Get ready for a lesson in boredom.
3 guesses what this fucking blog is about.
i'm not very good at understanding friendships. i am really good with boundaries primarily because i'm cautious as shit. it was really recently that i found some of my friends really liked getting physical, so i went from "i only touch and fuck my (now ex-)girlfriend" to "i cuddle some friends, i compliment and am affectionate to a lot of my friends, i have fucked some friends, i have made out with some friends" etc. etc. etc.

and it's very confusing.
Entitled "one moment while I say this" like anyone cares.
Ever been in a college class and there's that person that prefaces every answer with a personal story?
Welcome.
Welcome to that in blog form.
i can't tell what the hell love is. romantic love, specifically. i just kind of show mass affection for the people in my life as a whole, but focusing on a single person, making one person special, that's really difficult. and i suspect the answer may be just stopping the physical affection. making it so that i focus on a partner, you know?
This is about the time you start affixing labels like they're going out of style.
I'M A POLYAMOROUS SEX-POSITIVE CISGENDER--
i've recounted this story to friends enough to feel tired of talking about it, so i will just keep it brief.

i work at a book sale on campus; i've done this used book-selling job for the past two years. and this year, for the big big sale this past month, i worked bag check. and by chance i was assigned to partner with a new girl. and by chance this new girl and i got along really fucking well. she and i seemed to immediately form a total understanding. i have a number of neurotic tendencies when i meet new people; i micromanage the conversation, i overlook how i'm coming off, i try to control the image from the inside. and after the shift, when she wanted my number to keep in contact and to go out for coffee, she did the same thing, and it was refreshing to just say that it's totally fine. i'm the same way.
So I guess this is a guy but goddamn.
Like I still can't believe it.
and this continued into a lot of areas regarding thought patterns; i mean, we have a lot of differences in how we use technology, the books we like (to a degree), etc. etc. i got the impression at first that she was crushing, but apparently how she acted -- playfully, physically affectionate -- was just platonic. and i felt okay with this, after we clarified everything. but a part of me is like, well, shit, sophia, are you crushing on a straight girl?
Oh.
I'm glad, actually.
Good. It's a woman.
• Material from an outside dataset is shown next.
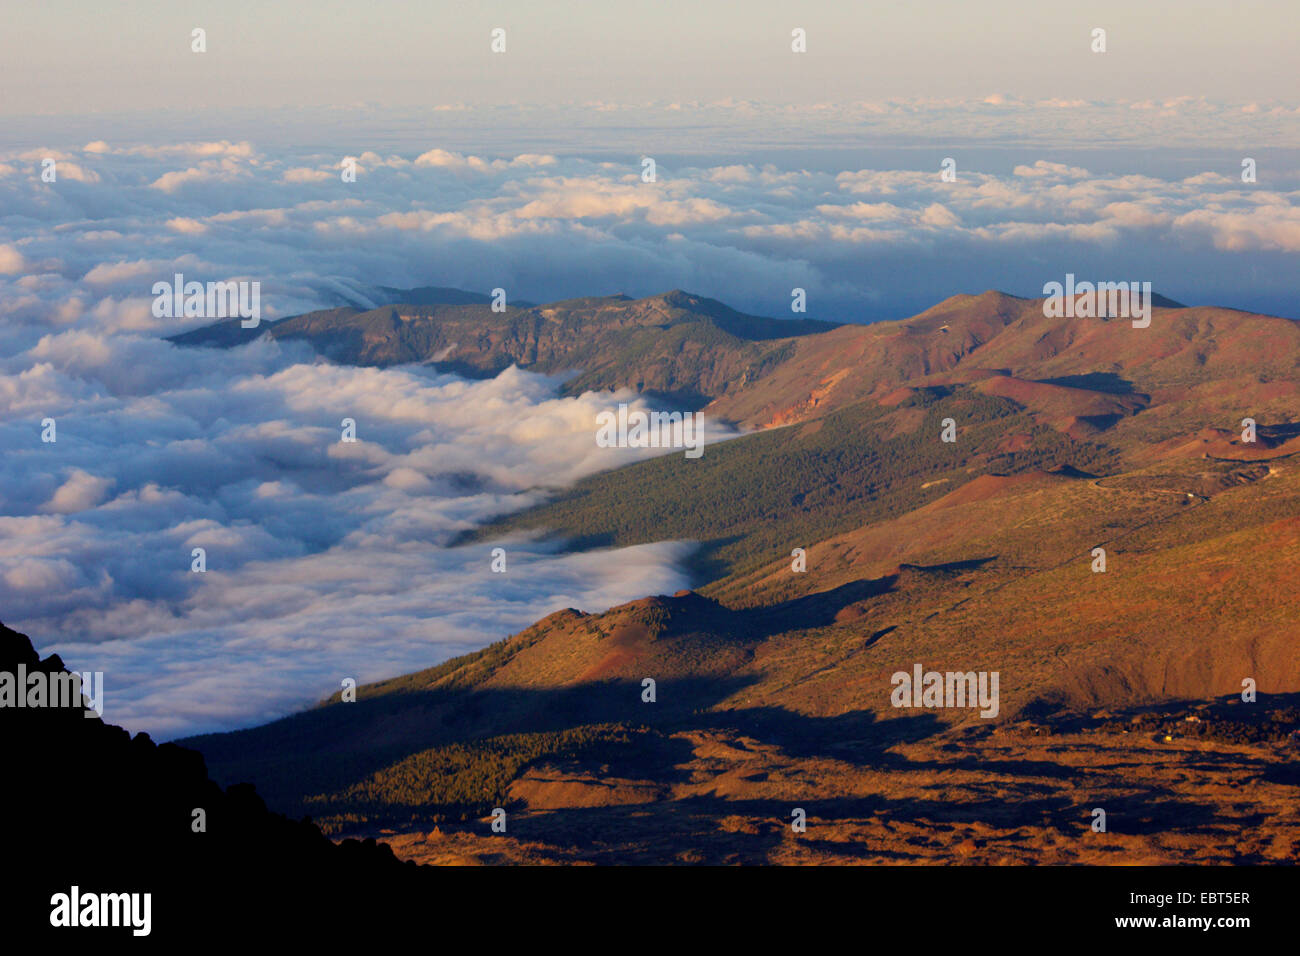 La Cumbre dorsal de la cresta de la montaña en la luz del atardecer, Islas Canarias, Tenerife Foto de stock

At least we know sometimes up is up and down is down.
CRUSHING ON A STRAIGHT GIRL!?
Are you sure you're in college?
You just used "crushing" as a verb and you didn't mean to press.
This is like middle school psychology.
i don't know what crushing is anymore.

the fact that i even read what she did as something beyond friendship is just some token of my understanding of male-female relationships; i have had little experience talking to other women, as in, from scratch, who read me as cis.
WOOO LABELS.
it's so easy to wax poetic, to speak like i'm ginsberg, without buddhist transcendentalism or the pedophilia apologism. 
You know it really is easy to wax poetic about pedophilia apologists.
I'm speaking from experience.
As a poet and a pedophile and a pedophile apologist.
Wait--
okay, so, i am beginning to detest the transgender label. but i feel somewhat ashamed of that, because, well, i am transgender. it feels way more right to wave my freak flag, to represent who i am, on a technical level, in reality. it only came to mind a half hour ago, though — i was writing up some kind of biography for this site, and was about to write "trans girl," or "trans lady," or "trans woman," but all of them conveyed a not-me image. it felt like it was giving the reader the wrong idea, the imagination of myself as some tall, skinny, flat-chested person looking for pity? and i mean, that's just my own image, that's just my internalised transphobia, my self-hate.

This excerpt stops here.